It’s back again—Thanksgiving Week! For many of us—especially those of us in the cushy racket known as “education”—it’s scarcely a week at all, just two days of relaxed, stately learning before five straight days of loafing and turkey-filled indolence.
I’m kicking off the laziness early with a throwback post to last year’s Thanksgiving Week—a post entitled, appropriately, “Thanksgiving Week!” It’s a post that celebrates the insanely short week—and opines for it to become scarcely a workweek at all. I also delved into a discussion about slippery slopes—my favorite logical fallacy that often becomes true—and the necessity for a ten-year moratorium on immigration.

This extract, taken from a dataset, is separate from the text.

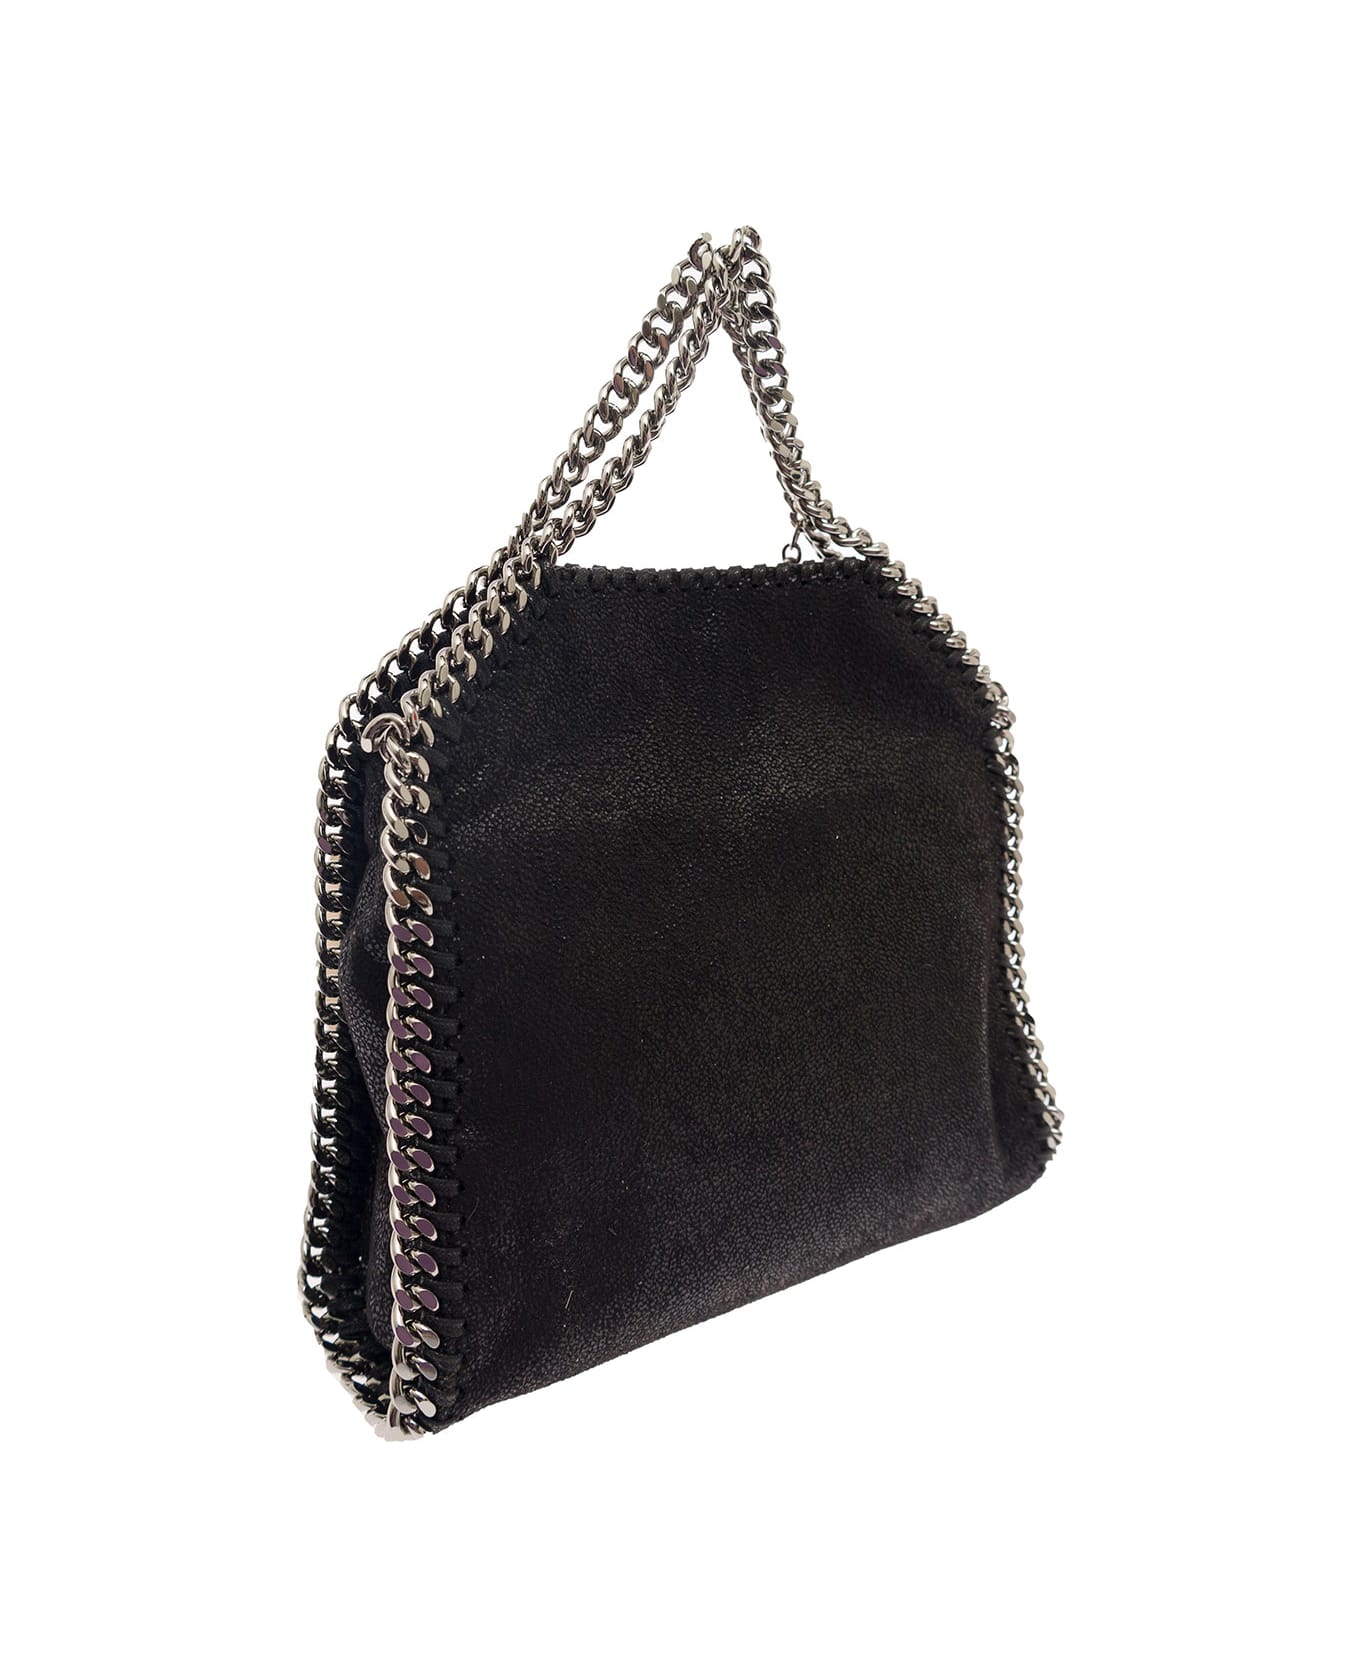 Stella McCartney '3chain' Mini Black Tote Bag With Logo Engraved On Charm In Faux Leather Woman - Black

I’ll likely be doing more throwback posts this week as I indulge in some family time and gluttony, but I’ll keep trying to provide top-level italicized commentary for your amusement. Also, we’re just a few days away from 700 days—that’s 100 weeks!—of consecutive posts.
In all seriousness, there is much to be thankful for this year. Even in 2020, a number that has taken on a reputation only slightly less horrifying than the Mark of the Beast, there is much God has done for us. A promising vaccine for The Virus—produced in what must be record time for a vaccine—is surely one such thing for which we should give thanks.
Turn to God in times of trouble, not just when things are going well. Easy to type, hard to live. We’d be all better off, though, if we made the effort to adopt gratitude as our default position.